Not real sure as to what wedges are made of, not a plastics guy, but seems like nylon wouldn't be my first choice... perhaps delrin or some sort of acrylic? But if its what you have then make it work. Most wedges are about 1" on the thick end, and around 3" wide, the K+H 8's are more like 3/4" thick, and my favorites

Not sure it matters so much when the price is free. Plastic wedges are literally stupid money here in Ireland for any real sizes. I make mine from oak. I make em in 1 and 2" lift sizes, and 8-11" long. If I have to hammer the **** out of one, I do. If it dies, I make another. And being seasoned oak, cut along the grain, you will have to beat **** out of it to make it fail.
 
Not sure it matters so much when the price is free. Plastic wedges are literally stupid money here in Ireland for any real sizes. I make mine from oak. I make em in 1 and 2" lift sizes, and 8-11" long.
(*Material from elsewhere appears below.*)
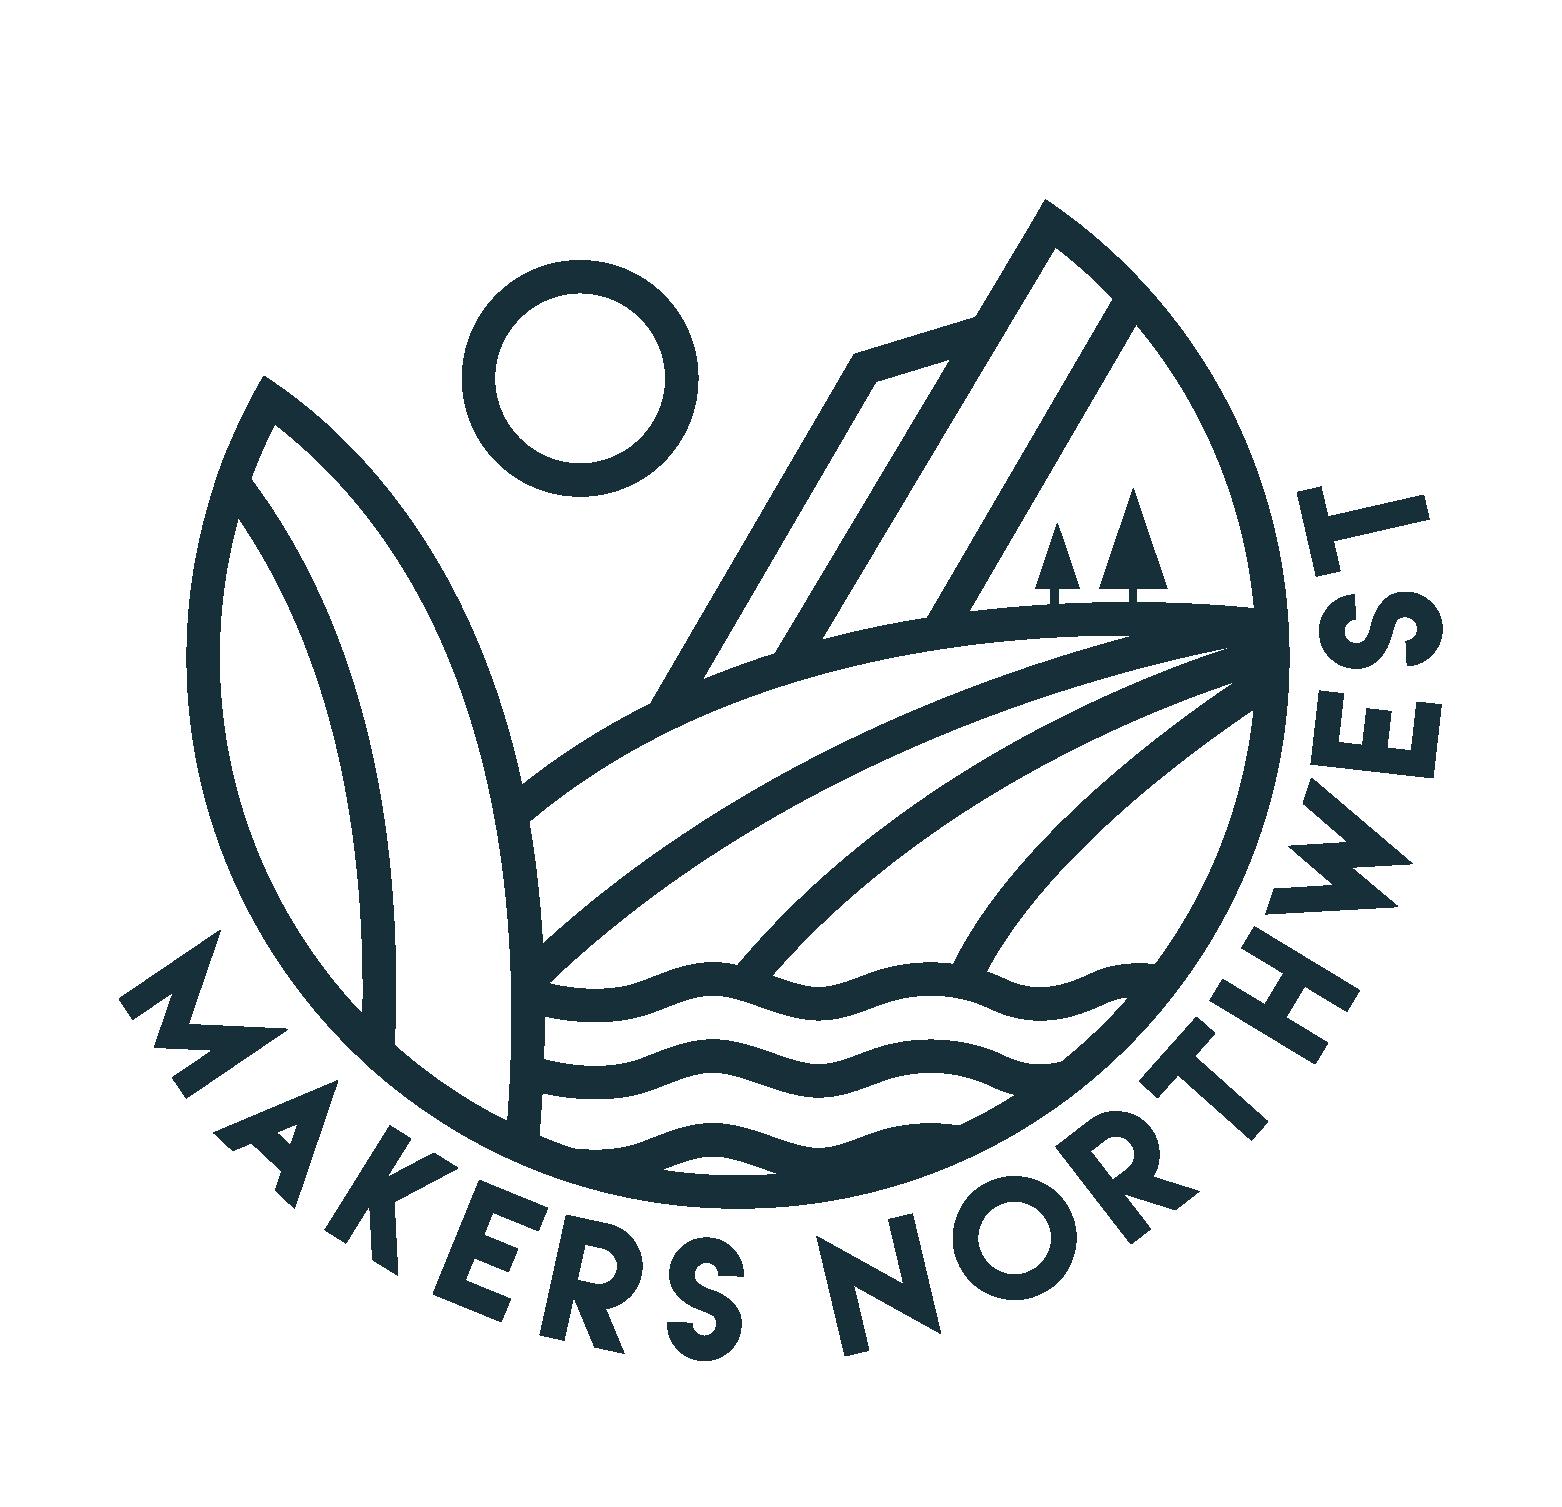 Makers Northwest

If I have to hammer the **** out of one, I do. If it dies, I make another. And being seasoned oak, cut along the grain, you will have to beat **** out of it to make it fail.
Thanks for that idea - I just cut a branch off an white oak that had been dead for a long time. It would be great for that.
 
As to the original tree, I would give consideration to cleaning/moving the wood on the ground (if it's not still attached) and then building a fire with the trash at the base. That punky stiff will catch and burn until out the inside. The only real downside is that it's near impossible to put out a fire burning in a rotten tree core and you might lose a lot of viable firewood.

I started cleaning some of the dropped sections of the first tree today, not thinking it is normal oak anymore, the bigger straight chunks are very stringy and very hard my fiskars splitter likes to bounce off.
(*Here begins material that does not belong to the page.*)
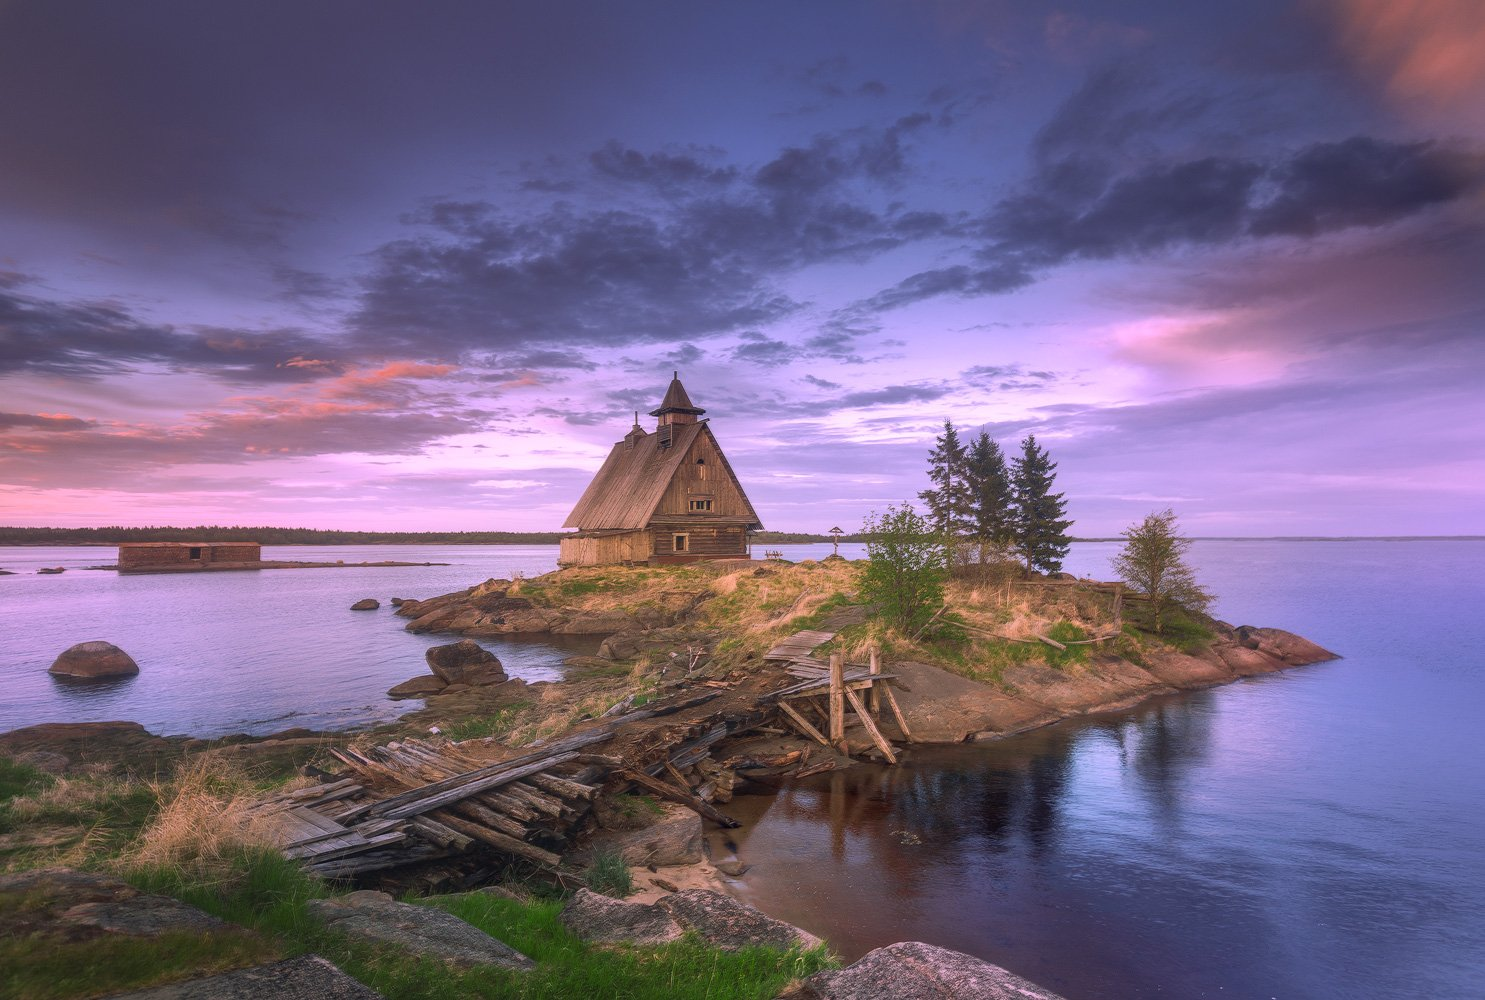 Россия, север, пейзаж, закат, море, Mikhail vorobyev

I cut up 3 branches to the trunk and this is the result


1/2 ton springs don't like me today. lol
 
I started cleaning some of the dropped sections of the first tree today, not thinking it is normal oak anymore, the bigger straight chunks are very stringy and very hard my fiskars splitter likes to bounce off.

I cut up 3 branches to the trunk and this is the result


1/2 ton springs don't like me today. lol
If those other pics in there are the same tree I suspect it is Oaage Orange or Mulberry.
 
If those other pics in there are the same tree I suspect it is Oaage Orange or Mulberry.

It is pretty gnarly stuff the bigger it gets, and very solid. does seem to burn real hot too. The wood in the truck is from the first tree in the thread. waiting on a overrun starter bearing for my big saw to buck up the big logs.